Problem. For how many positive integers x\leq 10,000 is 2^{x}-x^{2} not divisible by 7?

Justify your answer without the use of computers.

Here is my solution (accepted).

If a\equiv b\quad \left( \text{mod }m\right) , then a^{n}\equiv b^{n}\quad\left( \text{mod }m\right) . Applied to 2^{n} this property gives in general for n=3k+s,1\leq s\leq 3,0\leq k

2^{n}\equiv 2^{s}\quad\left( \text{mod }7\right) ,\quad (1)

which means that the remainders of the division of 2^{n} by 7 form a periodic sequence of length 3 starting at n=1

\overset{\text{period}}{\overbrace{2,4,1}},\overset{3\text{ terms}}{\overbrace{2,4,1}},\ldots .

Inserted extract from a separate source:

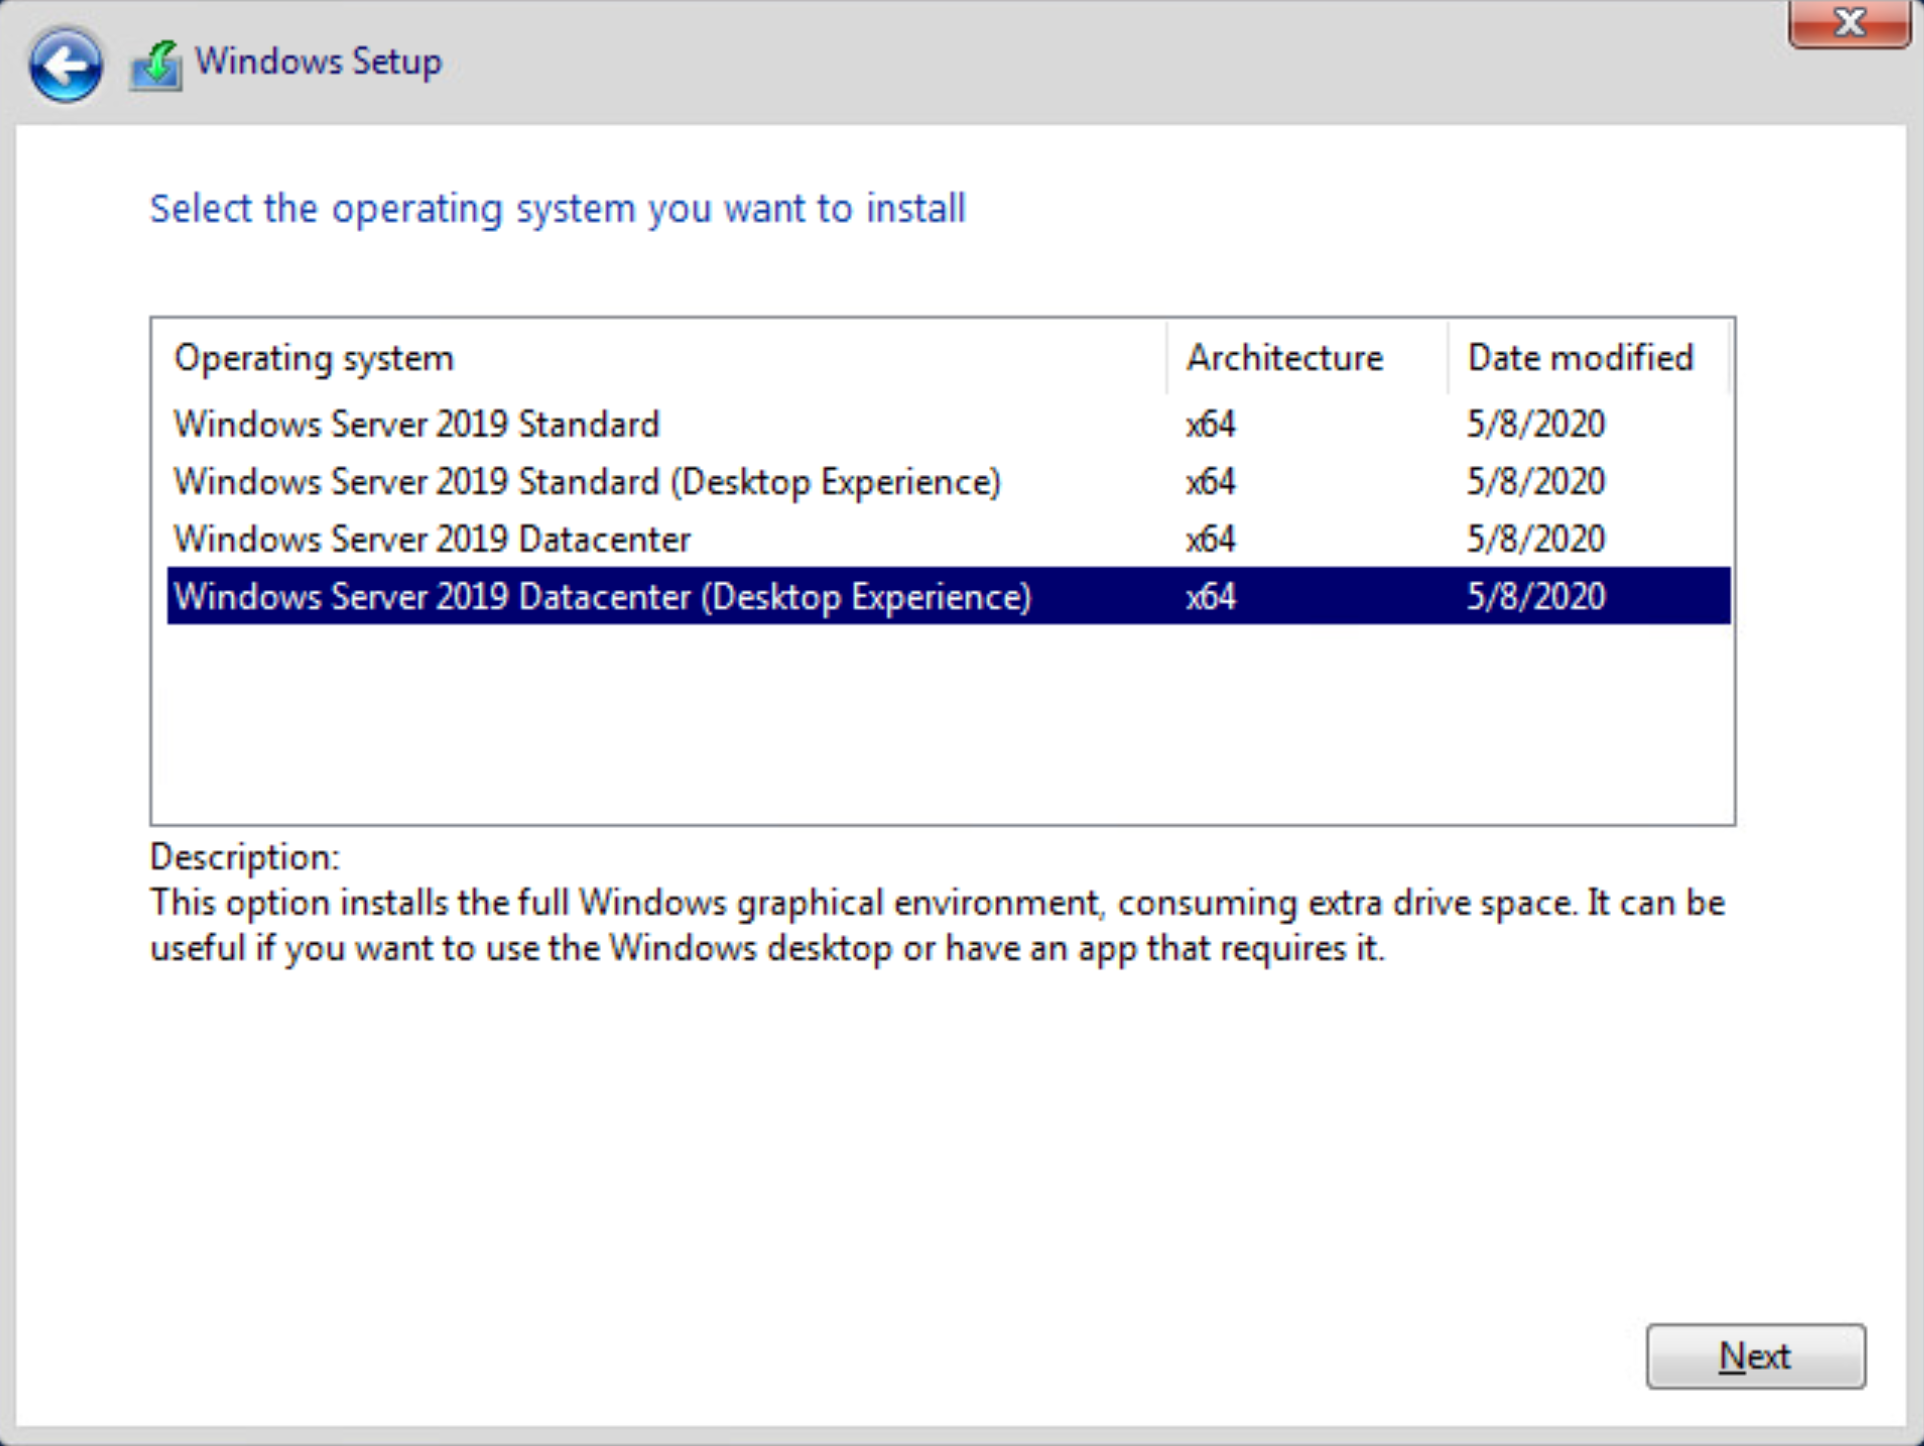 Screenshot of Windows Setup window where you select which operating system you want to install.

As for n^{2} since (a) if a\equiv b\quad \left( \text{mod }m\right) and c\equiv d\quad \left( \text{mod }m\right) , then a+c\equiv b+d\quad \left( \text{mod }m\right) and (b) if a\equiv b\quad \left( \text{mod }m\right) , then a^{2}\equiv b^{2}\quad \left( \text{mod }m\right) , we have in general for n=7j+r,1\leq r\leq 7,0\leq j

n^{2}\equiv r^{2}\quad\left( \text{mod }7\right)\quad (2)

which means that the remainders of the division of n^{2} by 7 form a periodic sequence of length 7 starting at n=1

\overset{\text{period}}{\overbrace{1,4,2,2,4,1,0}},\overset{7\text{ terms}}{\overbrace{1,4,2,2,4,1,0}},\ldots .

If a\equiv b\quad \left( \text{mod }m\right) and c\equiv d\quad \left( \text{mod }m\right) , then a-c\equiv b-d\quad \left( \text{mod }m\right) . Let u_{n}=2^{n}-n^{2}. Therefore from (1) and (2) we have

u_{n}\equiv 2^{s}-r^{2}\quad \left( \text{mod}7\right) .\quad (3)

The remainders of the division of u_{n} by 7 form another periodic sequence of length 21=\text{lcm}(3,7) which starts also at n=1. Four examples of the evaluation of these remainders are presented below.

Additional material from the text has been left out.